The units of orbital period and temperature are day and Kelvin, respectively. The orbital angular momentum is in a unit of $\times 10^{51}$ ${\rm cm}^{2}\cdot {\rm g}\cdot {\rm s}^{-1}$ . The other parameters are in the solar unit. The values in the third and fifth lines denote the standard derivations of the corresponding parameters.

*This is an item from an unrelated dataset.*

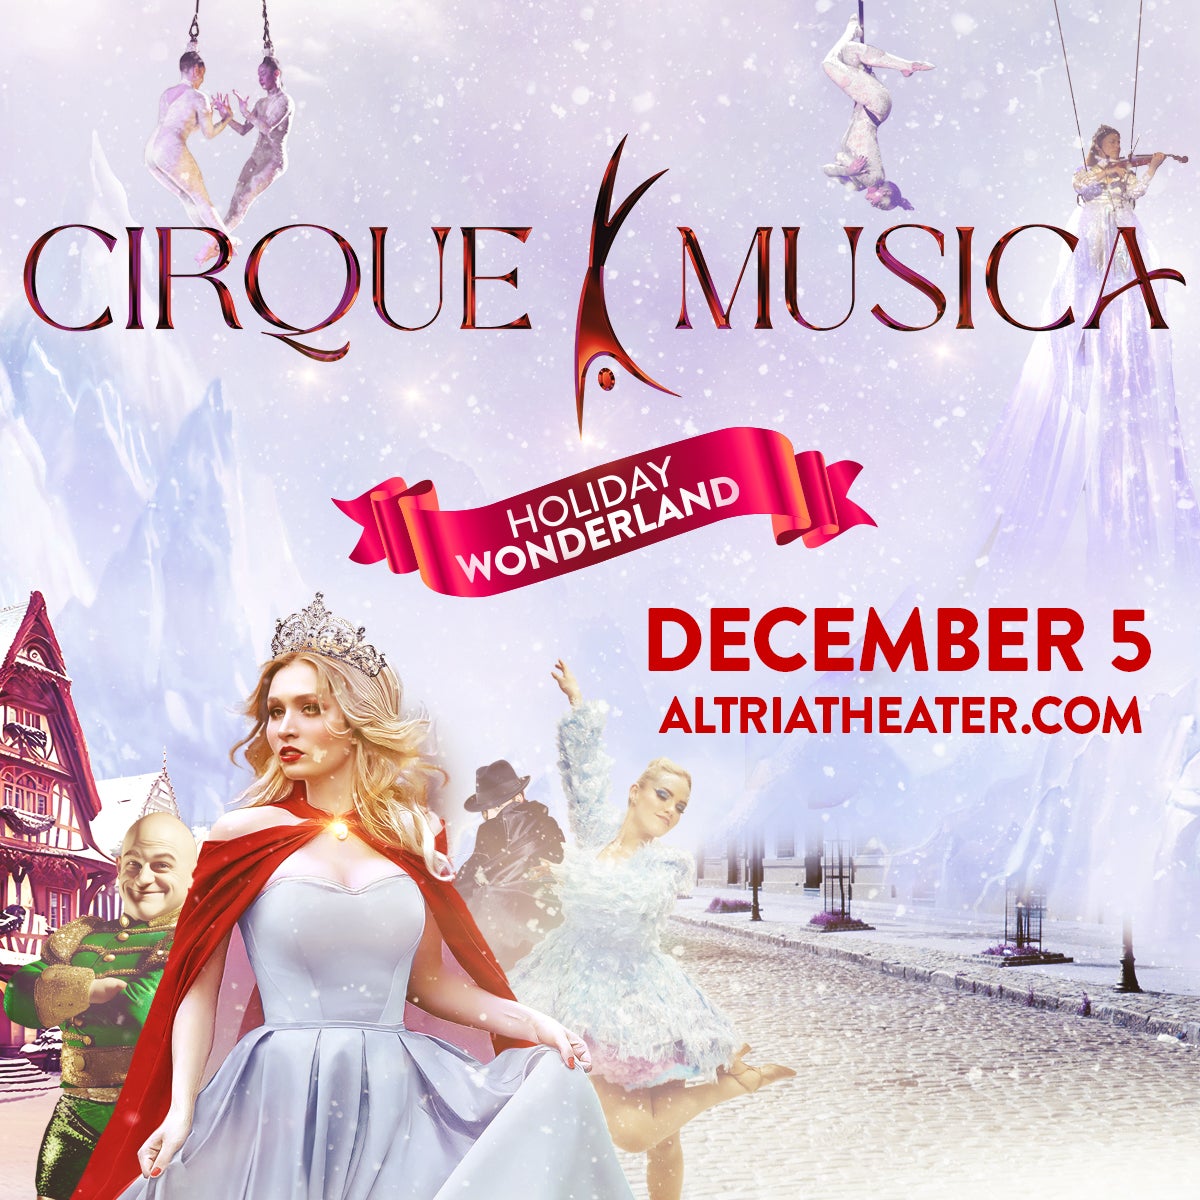 More Info for ALL-NEW CIRQUE MUSICAL HOLIDAY WONDERLAND IS COMING TO ALTRIA THEATER ON DECEMBER 5

An additional evidence for the evolutionary direction is that binary systems with shorter orbital periods are, in general, kinematically older (age 8 Gyr) than those with longer periods (age 2 Gyr) (Bilir et al. Reference Bilir, Karataş, Demircan and Eker2005). Of course, there is an alternative evolutionary path for the two different subtypes. For instance, the close detached binaries with different initial states may evolve independently into either A- or W-subtype contact binaries (Zhang, Qian, & Liao Reference Zhang, Qian and Liao2020). Also, the close detached binaries evolve in a similar way but with different mass/energy transfer rate and/or different mass/angular momentum loss rate, leading to different evolutionary outcomes (Gazeas & Stępień Reference Gazeas and Stępień2008). Moreover, we cannot exclude the possibility that some A-subtype systems with small angular momentum have evolved from W-subtype systems, while others (with relatively large angular momentum) have evolved directly from near-contact binaries (Yakut & Eggleton Reference Yakut and Eggleton2005).